You couldn’t spend much time with your eyes closed, which was why Pauline hadn’t been sleeping at night since it happened. The worst was when she saw a picture, more real than a dream, more like a film come to life there in her bedroom, but you knew if you touched it it would be solid: it was Joanne, but Joanne melded with the bag in the picture the police had shown them, flayed, boneless and terrible with blood. The blood was dark, like the stain she’d seen on the bag, but liquid and pouring. Even there in the library, her nodding at a table, it lurked. She snapped her head back. Gemma loomed, holding a couple of books, their dull covers loosely wrapped in protective plastic.

‘Come on then.’

She was so wholesomely like herself, Gemma, socks pulled up, books one on top of the other, fringe exact. Pauline had started to think that if you put your finger out you might poke a hole in people or tear them, but not Gemma, standing there with her cardigan folded over her forearm, her hair bobbles aligned. There was always a smell about her, clean, from her clothes. Suddenly, Pauline wanted to hit her with a hammer. She followed her out of the library.

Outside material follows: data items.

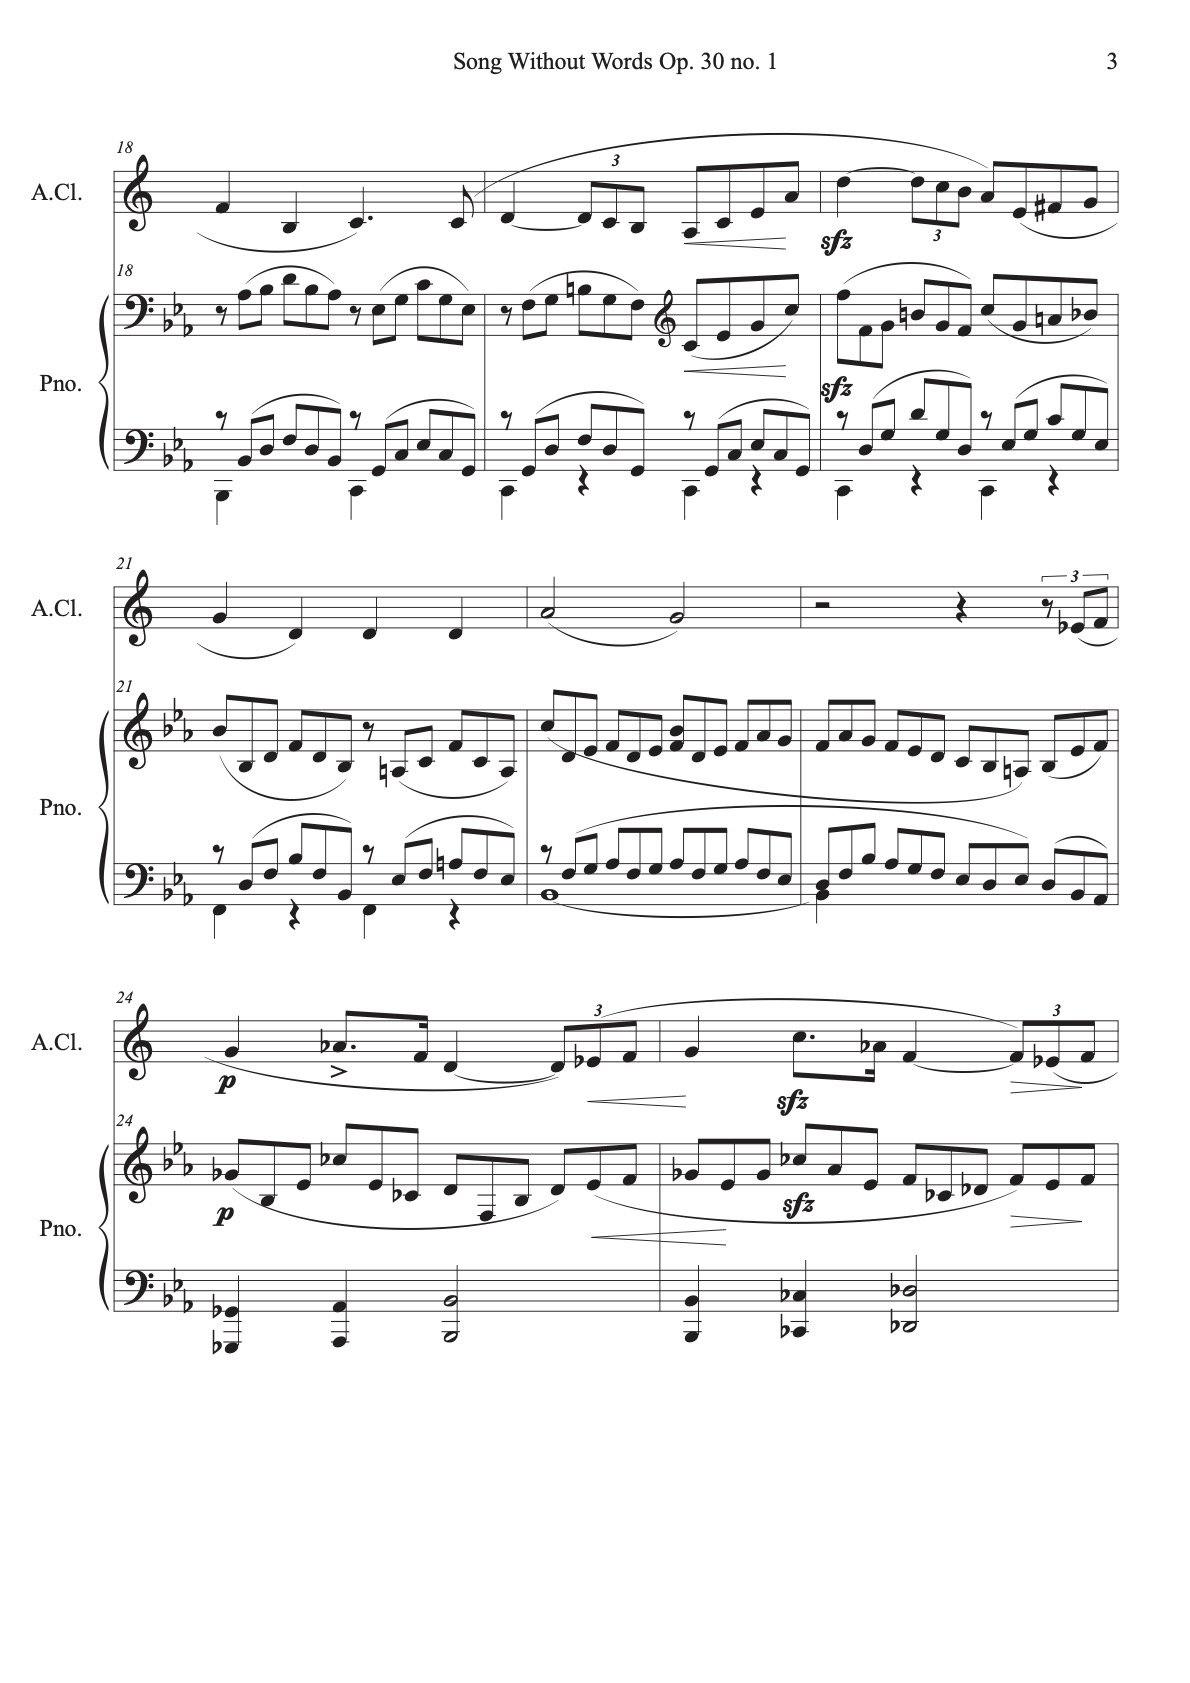 Alto Clarinet and Piano : Songs Without Words Op. 30 no. 1 - ChaipruckMekara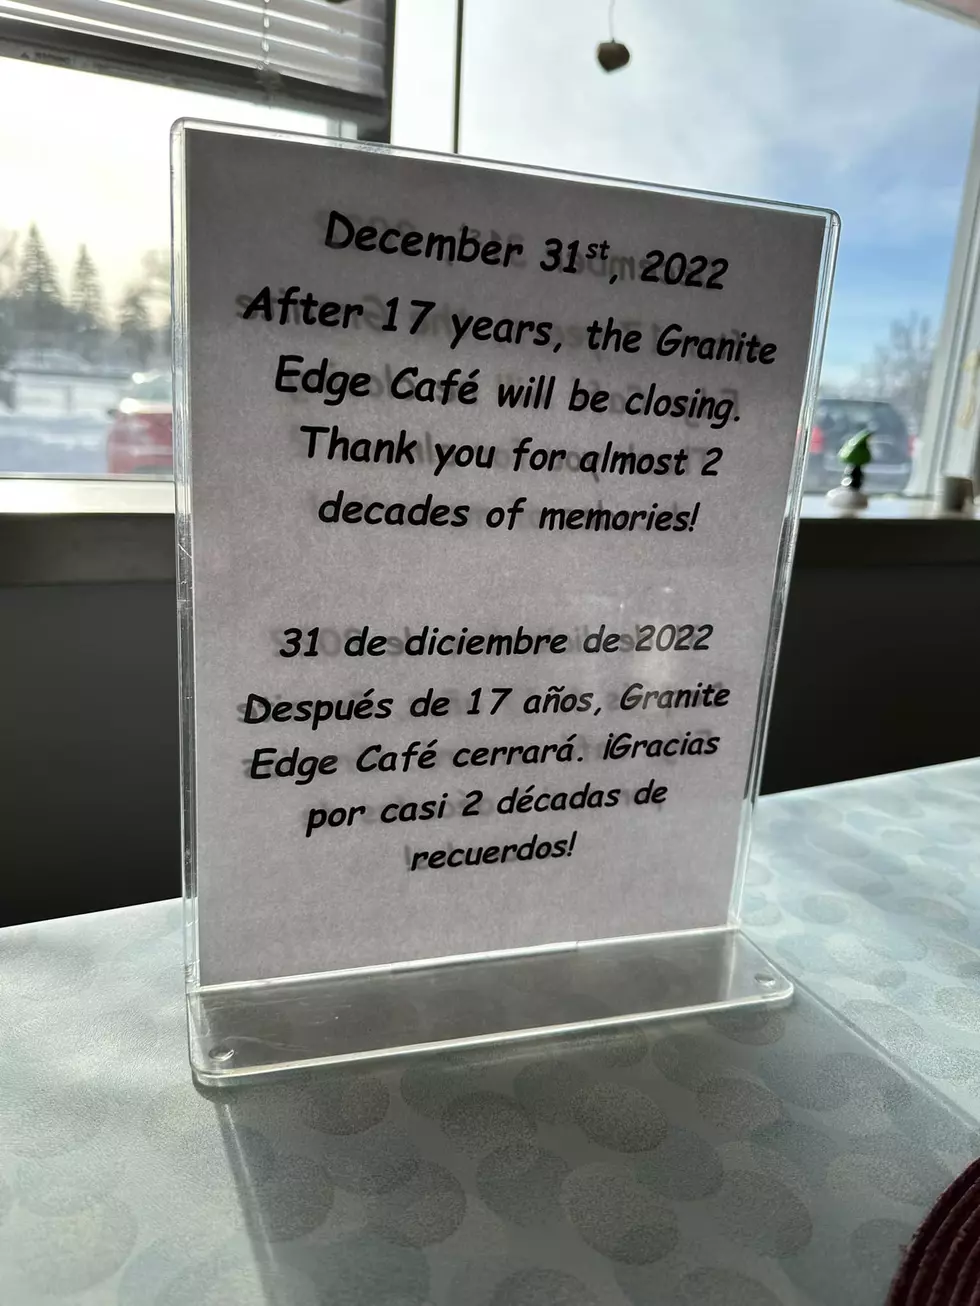 Family Owned Local Cafe Closing After 17 Years in Business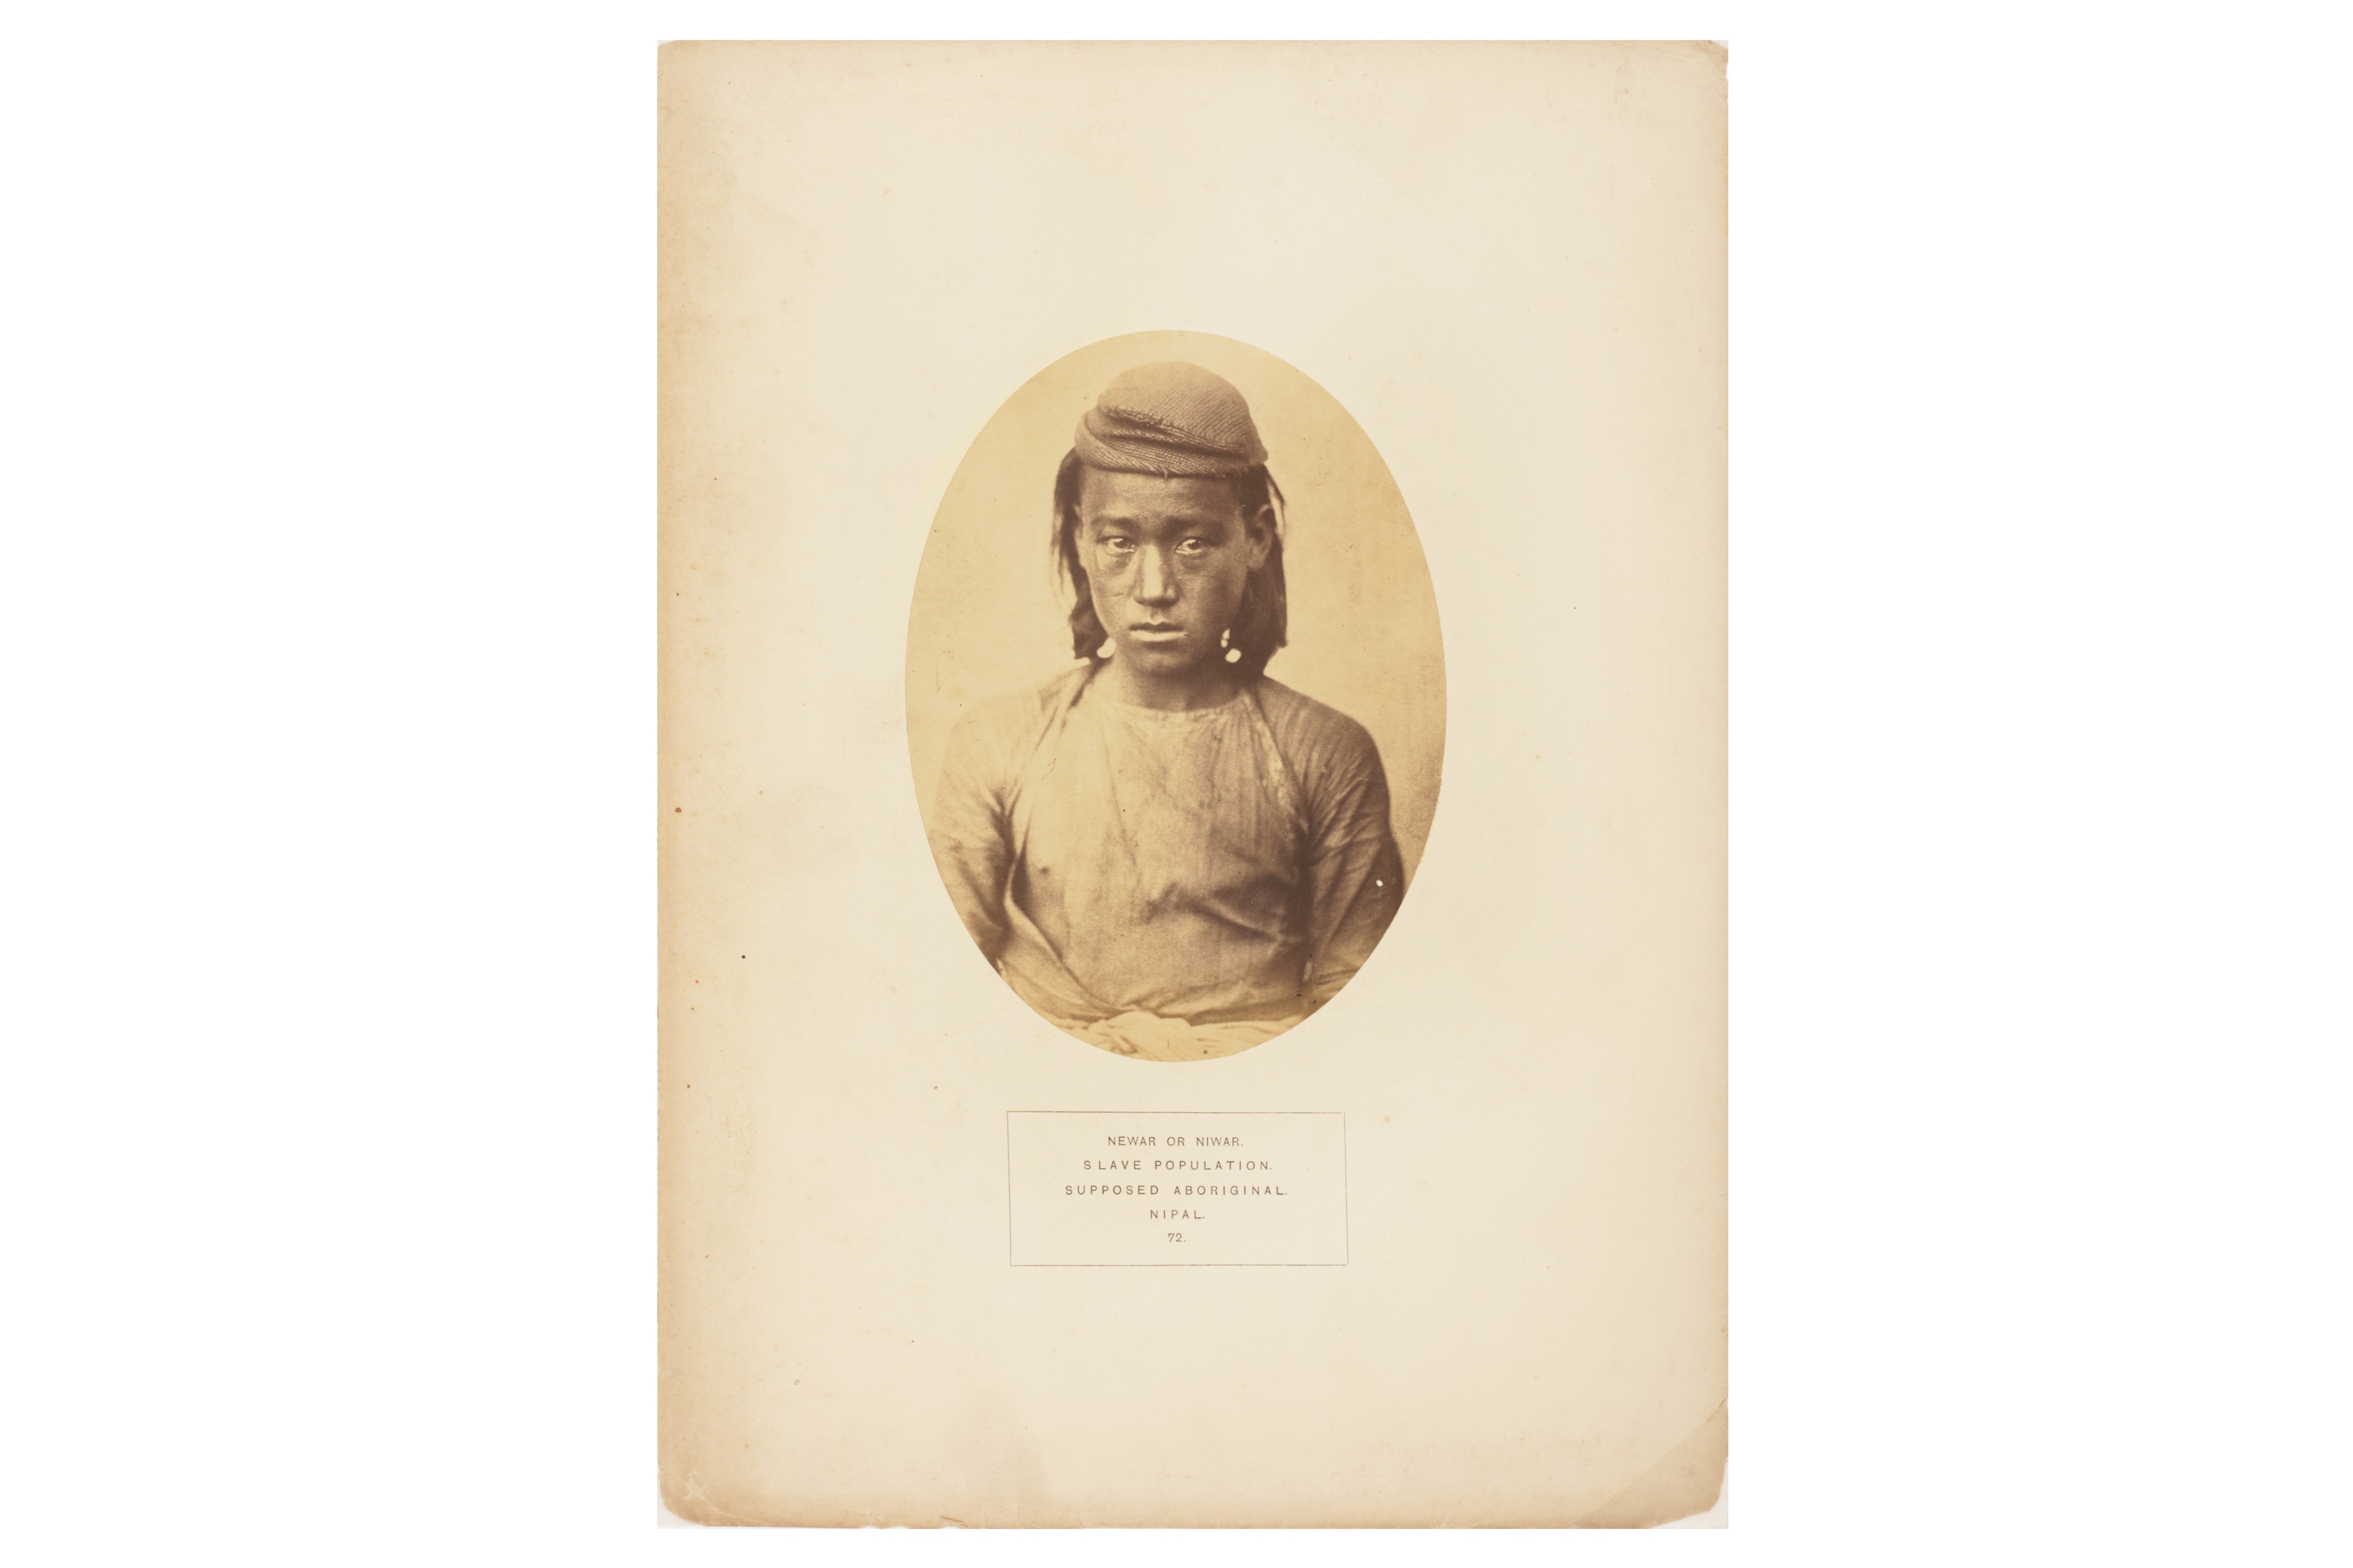 THE PEOPLE OF INDIA: A SERIES OF PHOTOGRAPHIC ILLUSTRATIONS ca. 1868 - 1875

They walked on to the Town Fields. Gemma was asking her about meeting Lallie when they’d done the filming at the school, and Pauline was telling her all sorts, because the thing she remembered
most was the drama of her own hair and what they’d done to it. Lallie or whatever she was called had come in near the end, after they’d already been in a class with an empty desk, where they had to look serious because she’d been killed in the story. After that they were having to be noisy and stuff with Lallie at the desk, nicking a pencil from the nig-nog’s table. She looked older than them, even in the same uniform (Pauline had been given a newish one for the day and had managed to walk off in it at the end without anyone stopping her). Lallie hadn’t bothered talking to them really, but Pauline invented a conversation which expanded to fit the many questions Gemma was then driven to ask about it, starting with what Lallie had been wearing (‘School uniform’ – ‘Did you see what she was wearing before?’ ‘Erm, yeah, sort of jeans and that’ – ‘Not dungarees?’ – ‘What’s them?’ – ‘You know, with a bib and braces’ – ‘Oh aye, them, with like flowers on’ – ‘What colour?’ – ‘Purple’) and progressing to her invitation to Pauline to go on holiday with her to America (‘She never!’ – ‘She did and all, they’ve got a swimming pool and she was supposed to be taking a friend but she got really poorly so she couldn’t come so she said I could come instead.’).